Schilero, Jessica M.S., H.F.S.; Swank, Ann M. Ph.D., FACSM

doi: 10.1249/01.FIT.0000422570.32612.d4
COLUMNS: Clinical Applications

Periodization for the Clinical Practitioner.

Jessica Schilero, M.S., H.F.S., earned a B.S. in exercise physiology from Ohio University in 2008 and an M.S. in exercise physiology, with a concentration in strength and conditioning, from the University of Louisville in 2011. She currently is a full-time instructor at the University of Louisville, teaching at both the undergraduate and graduate levels. She is ACSM Health Fitness SpecialistSM certified and is a part-time personal trainer at a wellness center in Louisville, KY.

Ann M. Swank, Ph.D., FACSM, is a professor of exercise physiology, co-chair of the Health and Sport Science Department, and director of the Exercise Physiology Laboratory at the University of Louisville. Her research interests are exercise testing and prescription for special populations, with an emphasis on chronic heart failure. She is ACSM Program Director certified, ACSM Clinical Exercise SpecialistSM certified, and a fellow of ACSM.

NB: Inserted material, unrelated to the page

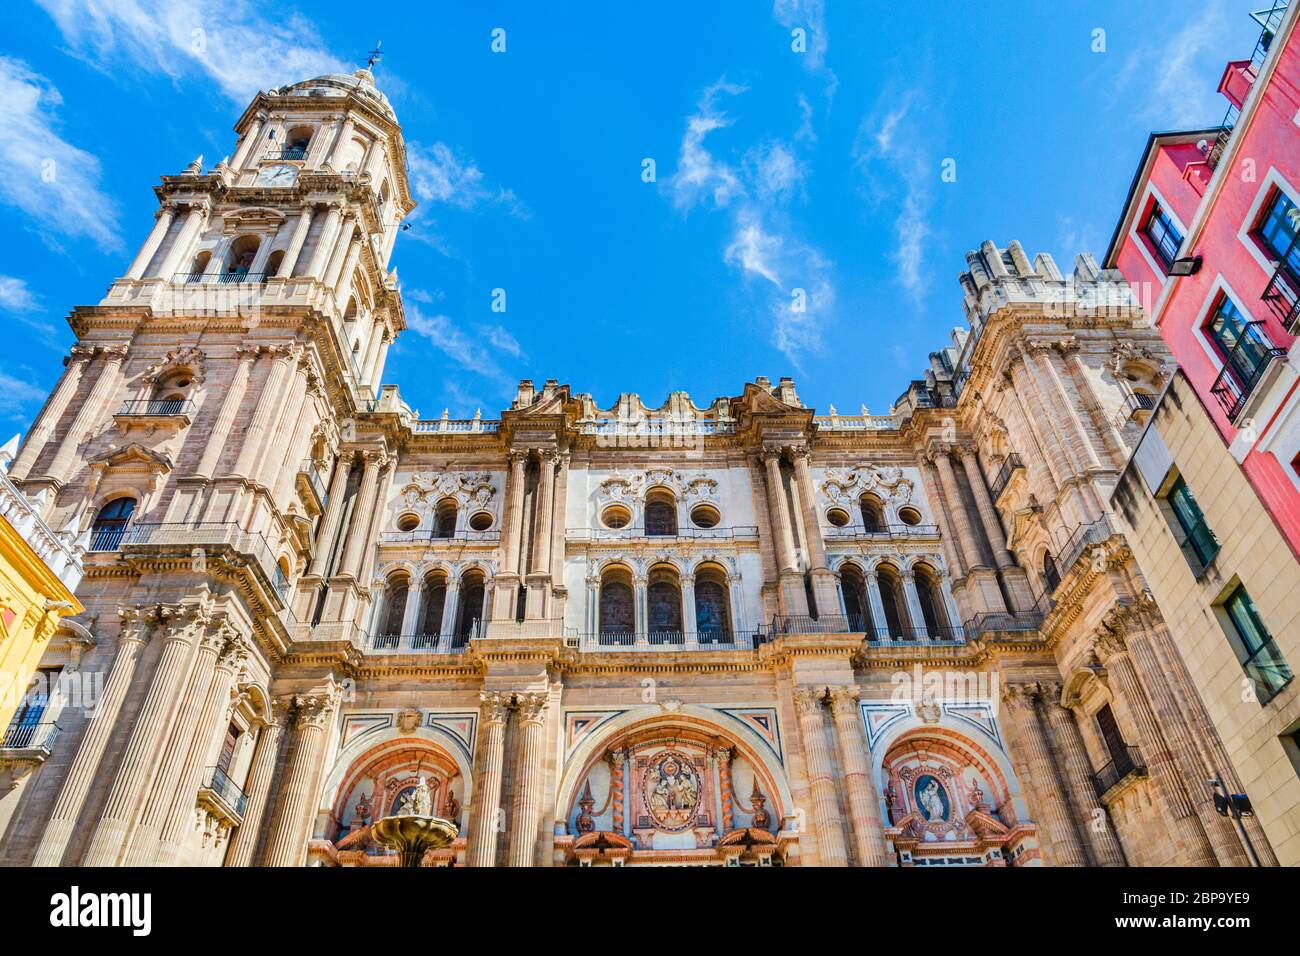 Malaga, Espagne : façade de la cathédrale de Malaga, vue vers le haut. Banque D'Images

Staying with an exercise program is a difficult task, and lack of compliance is often related to an individual experiencing a plateau in health and fitness gains. One strategy to address this concern is to use the method of periodization to prescribe exercise. A critical factor often overlooked in exercise programming is the concept of planned rest. Structuring the exercise program to incorporate rest is an important underlying concept of periodization. The most common use of periodization has been for the sport athlete, who uses it to minimize fatigue and maximize performance by varying training intensity and training volume throughout the sport season. However, varying training volume over time in a planned manner also can be adapted or applied to individuals with stable health problems who plan to undertake a long-term training program. This column presents a brief overview of periodization and provides an example of how this model of exercise prescription can be used by the clinical practitioner. There are many variations to applying a periodized program, and this column will focus on the linear model.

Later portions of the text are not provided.